The IQueryOrder Interface
IQueryOrder is a marker interface for sort rules. Built-in sort types:
| Sort | Description |
|---|---|
ExpressionSort<TEntity> | Sorts by a lambda expression Expression<Func<TEntity, object?>>, with optional SortDirection. |
CombinedOrder | Combines two or more sort rules. |
FieldOrder | Sorts by a field name string, with a SortDirection. Requires a field-mapper when used with IQueryable. |
Pagination
PageRequest
PageRequest is a simple request object for unsorted pagination:
public class PageRequest {
public int Page { get; } // 1-based page number
public int Size { get; } // Maximum items per page
public int Offset { get; } // Computed: (Page - 1) * Size
}
PageResult<TEntity>
The result returned by GetPageAsync includes pagination metadata:
public class PageResult<TEntity> where TEntity : class {
public PageRequest Request { get; }
public int TotalItems { get; }
public IReadOnlyList<TEntity>? Items { get; }
public int TotalPages { get; }
public bool IsFirstPage { get; }
public bool IsLastPage { get; }
public bool HasNextPage { get; }
public bool HasPreviousPage { get; }
public int? NextPage { get; }
public int? PreviousPage { get; }
}
PageQuery<TEntity> and PageQueryResult<TEntity>
For filtered and sorted pagination, use PageQuery<TEntity> internally within your repository:
var query = new PageQuery<Product>(page: 1, size: 20)
.Where(p => p.IsActive)
.OrderBy(p => p.Name);
The result is PageQueryResult<TEntity>:
public class PageQueryResult<TEntity> where TEntity : class {
public PageQuery<TEntity> Request { get; }
public int TotalItems { get; }
public IReadOnlyList<TEntity> Items { get; }
}
See the driver-specific documentation for pagination behavior per data source.
ITrackingRepository<TEntity>
Marks a repository as capable of tracking changes on entities returned by queries.

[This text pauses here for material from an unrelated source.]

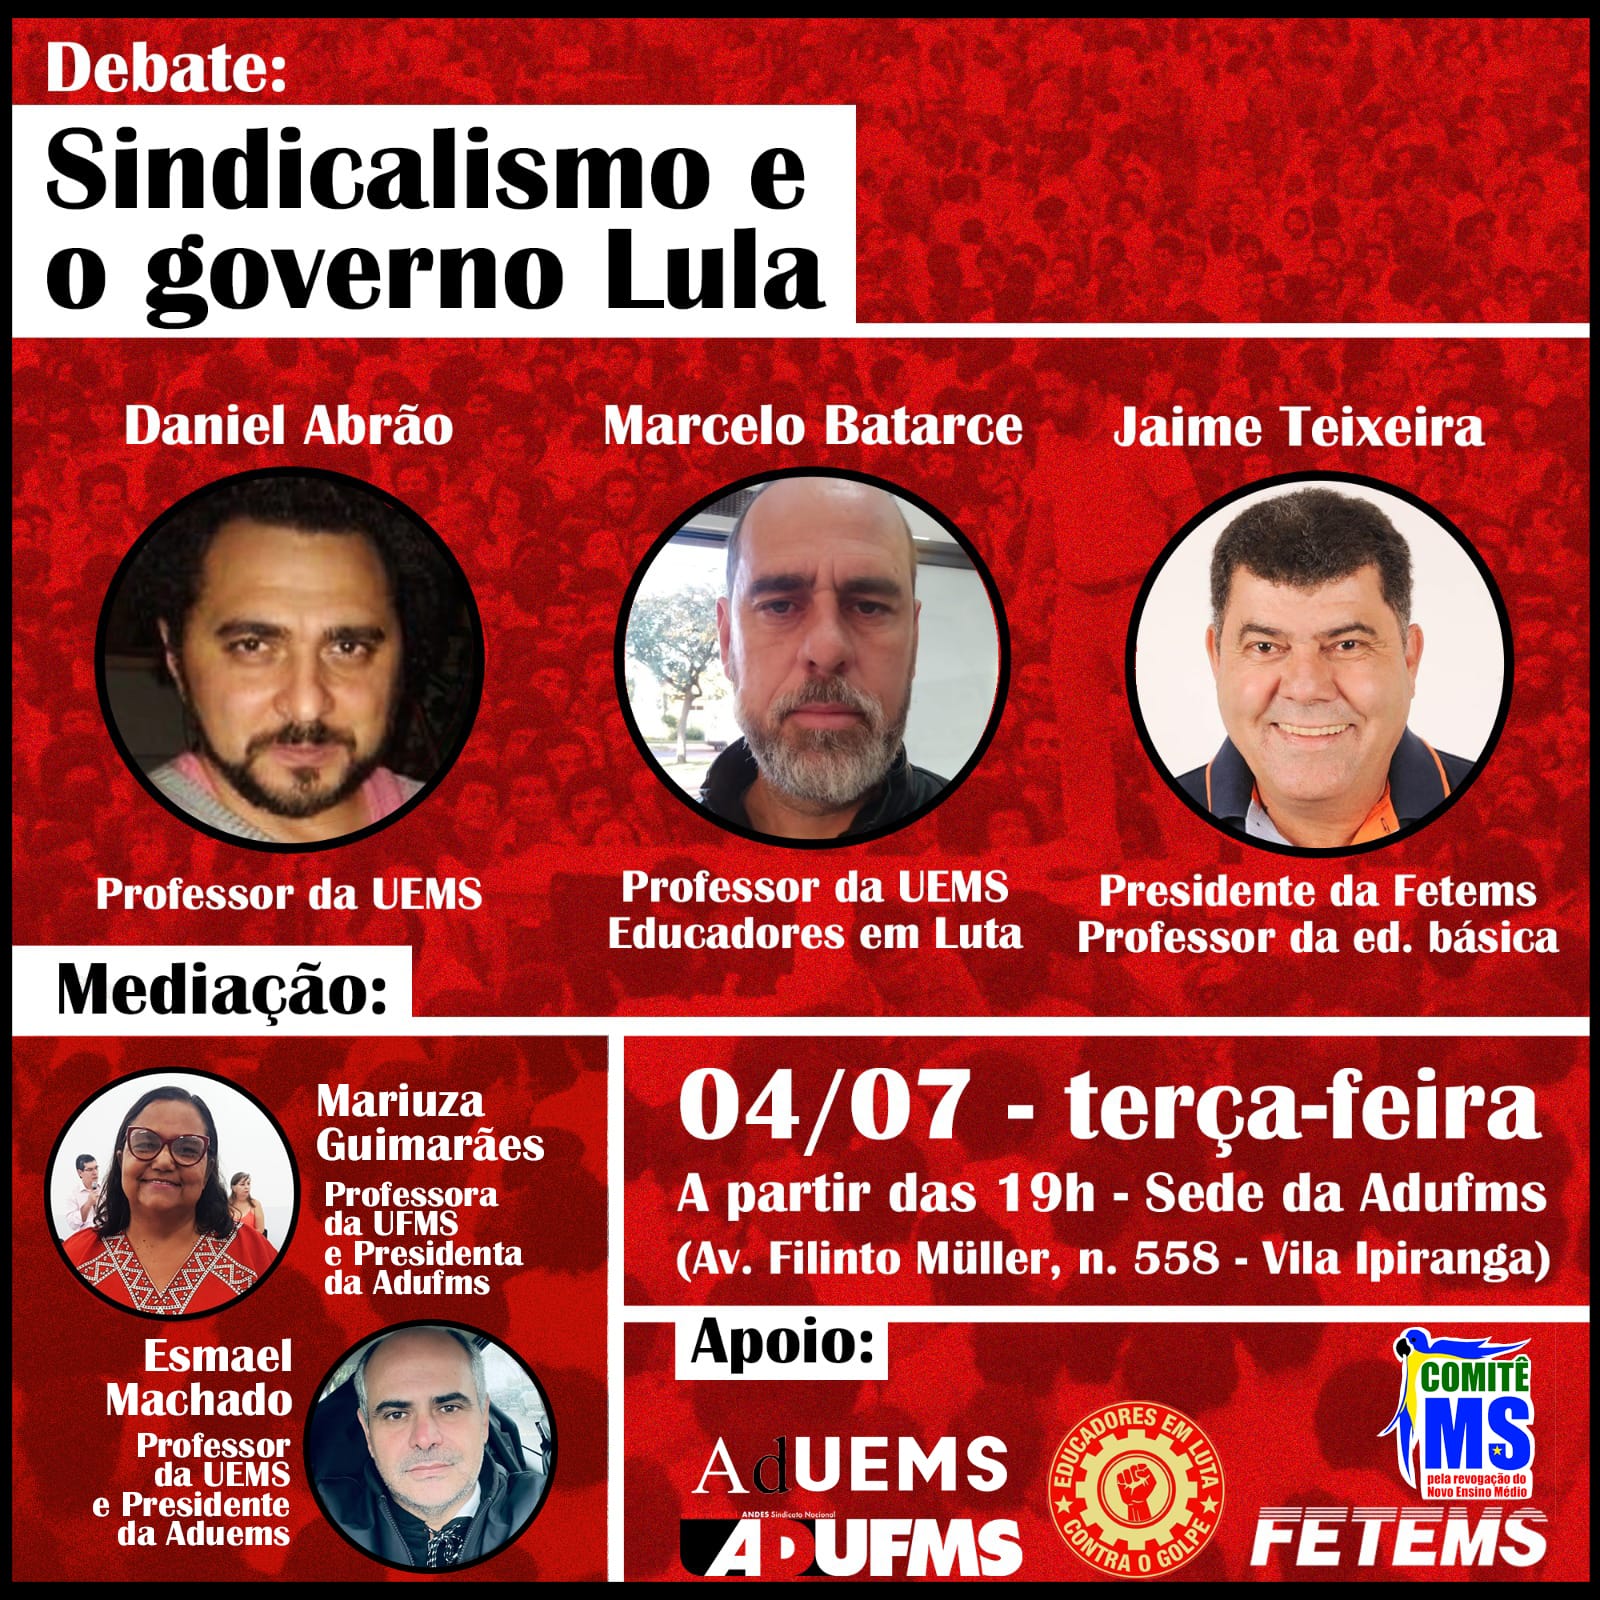 Sindicalismo e governo Lula serão debatidos nesta terça na Adufms

This is used internally by the EntityManager<TEntity> to detect whether the underlying repository can observe mutations without explicit UpdateAsync calls.
Driver implementations (e.g., EF Core, MongoFramework) that support change-tracking implement this interface automatically.
Deprecated Interfaces
The following interfaces are marked [Obsolete] and should not be used in new code:
IQueryableRepository<TEntity, TKey>— exposedAsQueryable(), leakingIQueryable<T>to consumersIPageableRepository<TEntity, TKey>— exposedGetPageAsync(PageQuery<TEntity>), leaking query compositionIFilterableRepository<TEntity, TKey>— exposed filter-based queries as a public contract
All their functionality is now provided through the protected members of Repository<TEntity, TKey>. Existing code using these interfaces will continue to compile (the obsolete attribute is non-breaking), but new code should inherit from Repository and implement domain-specific query methods instead.